The video received two nominations at the Billboard Video Music Awards in 1983 for Best Performance by a Female and Most Effective Use of Symbolism.

A long-running urban legend is that the boy who appears throughout the video and who shakes Tyler's hand at the end is former Italian footballer Gianfranco Zola. In a 2012 interview, Zola confirmed that he did not appear in the video.

Live performances
Since the song's release, Tyler has performed "Total Eclipse of the Heart" in all of her concerts. "I sing it much better now than I used to," she told The Huffington Post. "I think my voice is probably not as husky as it was, I think it's mellowed a bit." The song was performed at the 26th Annual Grammy Awards, held at the Shrine Auditorium, Los Angeles, on 28 February 1984.

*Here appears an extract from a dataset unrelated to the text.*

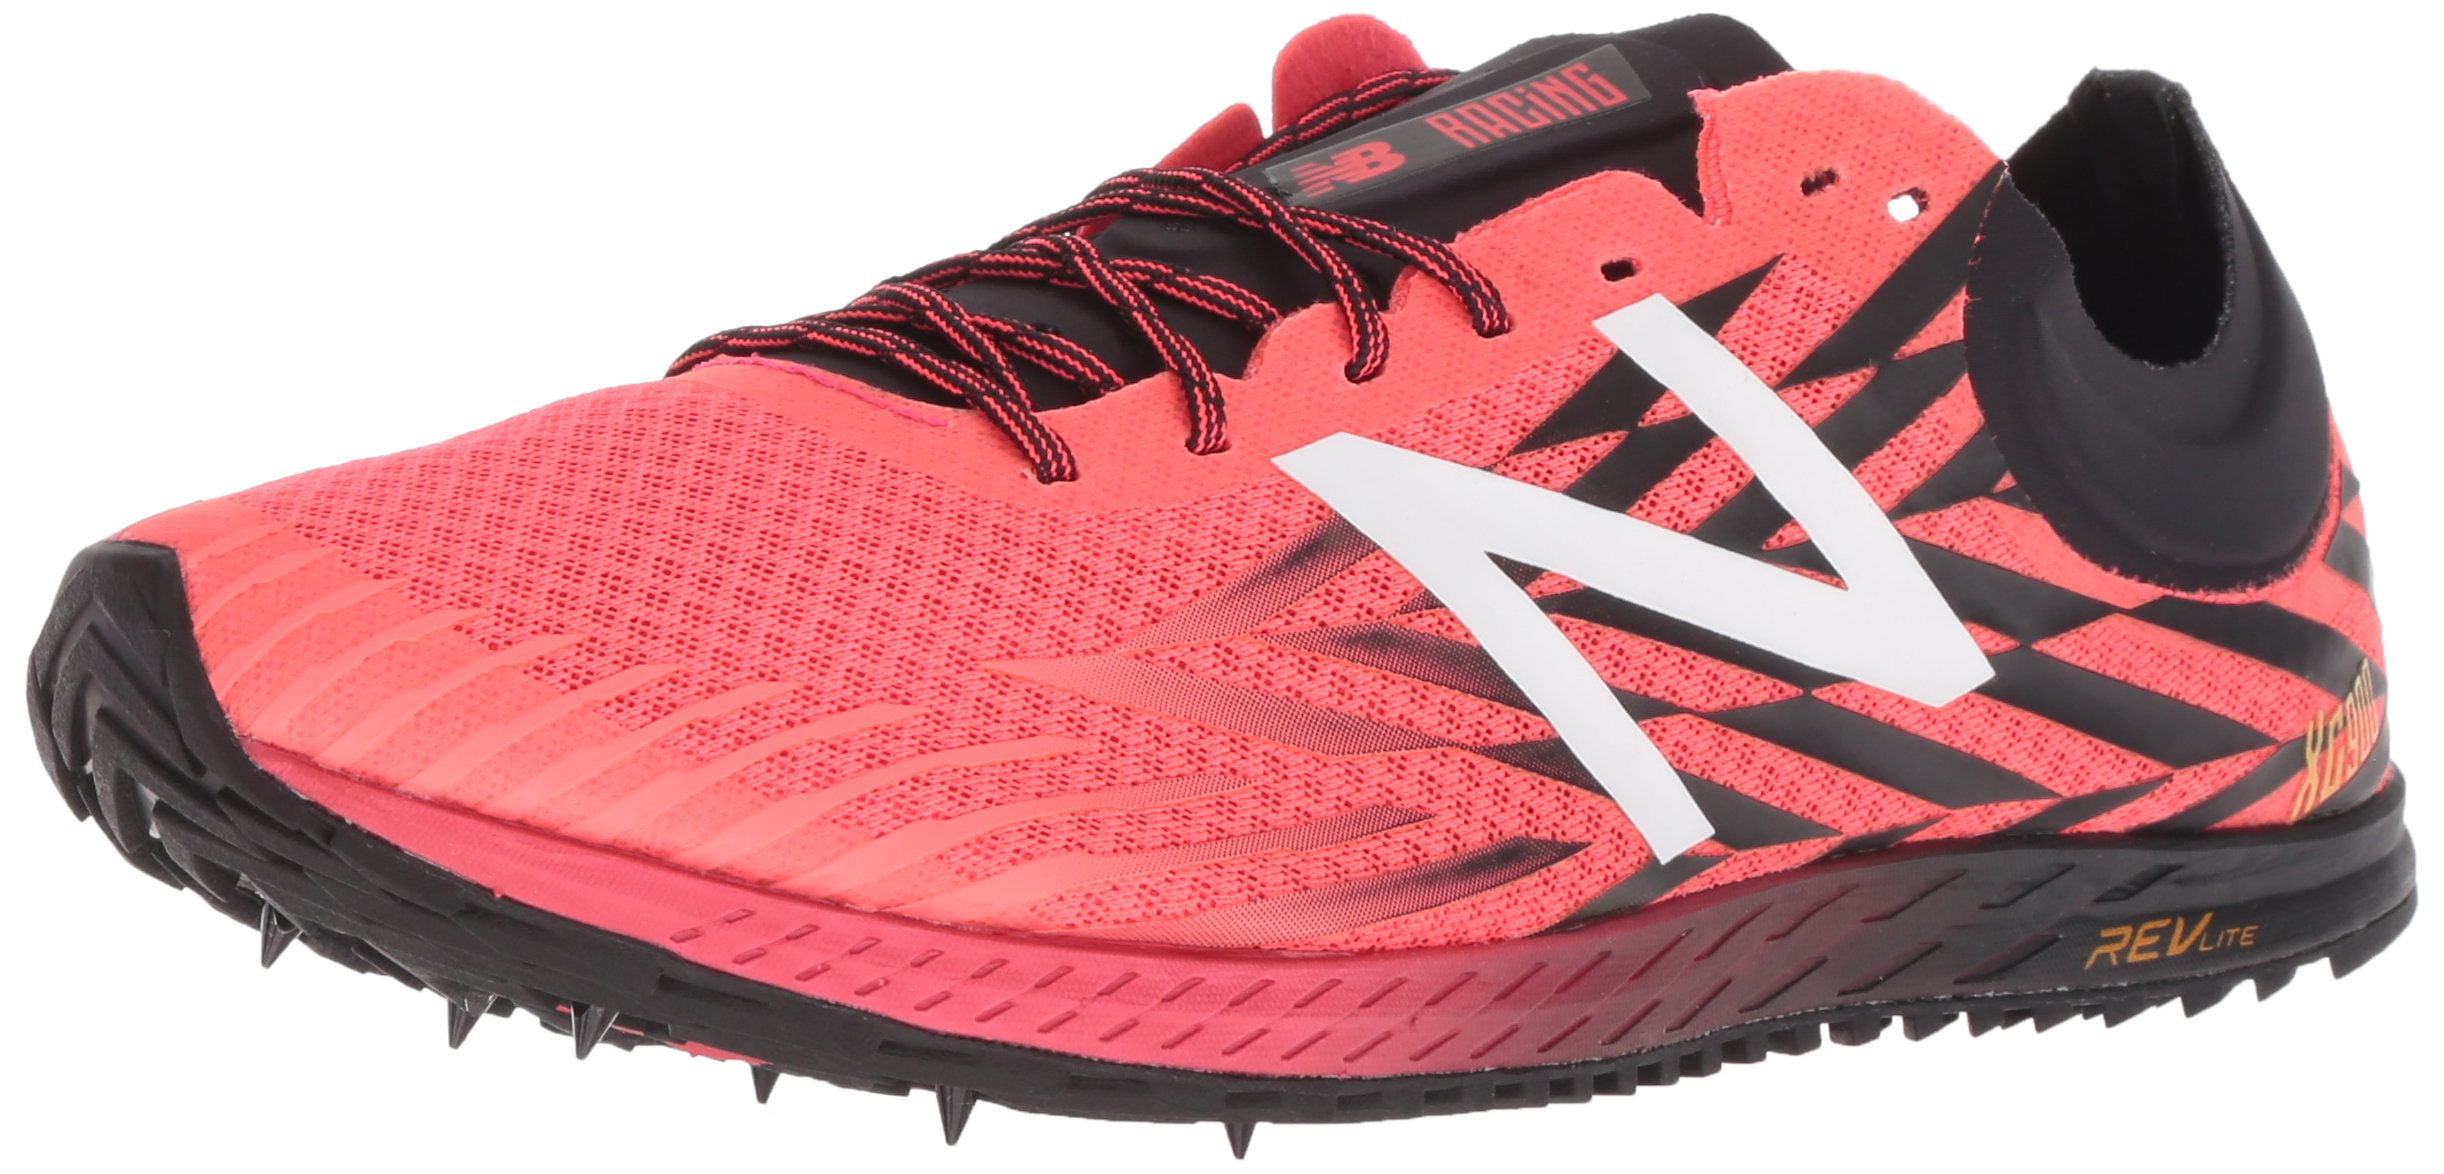 New Balance Men's 900v1 Cross Country Running Shoe, Bright Cherry/Black, 10 D US by New Balance

Bonnie Tyler sang "Total Eclipse of the Heart" live on board a Royal Caribbean cruise ship during the solar eclipse of 21 August 2017, backed by DNCE.

Live recordings of Tyler performing the song have been released on her albums Bonnie Tyler Live (2006) and Live in Germany 1993 (2011). Video performances have also been released on Tyler's DVDs, Bonnie on Tour (2006) and the DVD edition of Live in Germany 1993.

Critical reception
Mike DeGagne from AllMusic retrospectively described "Total Eclipse of the Heart" as "one of the finest ballads ever to hit radio." He noted the "lush instrumentation" and said that Tyler's voice "produced the perfect type of 'desperate lovelorn' effect to suit the romantic lyrics." He described Roy Bittan's piano playing as "dreamy" and described Tyler's voice as "wonderfully gritty." Donald A. Guarisco, also from AllMusic, retrospectively reviewed Faster Than the Speed of Night and noted the song as an "epic ballad", describing the whole album as "rock at its most melodramatic." Jim Beviglia from American Songwriter said that Tyler's raspy vocals helped to legitimize the "melodrama inherent in the lyrics," and described the song as a "garment-rending, chest-beating [and] emotionally exhausting ballad" that suits the throes of a turbulent relationship.

Impact
In a 2013 UK survey, the song came first in a list of most popular songs to sing in the shower, above songs by Justin Bieber, Robbie Williams, One Direction and Elton John. In 2015, the song was voted by the British public as the nation's third-favourite 1980s number one in a poll for ITV.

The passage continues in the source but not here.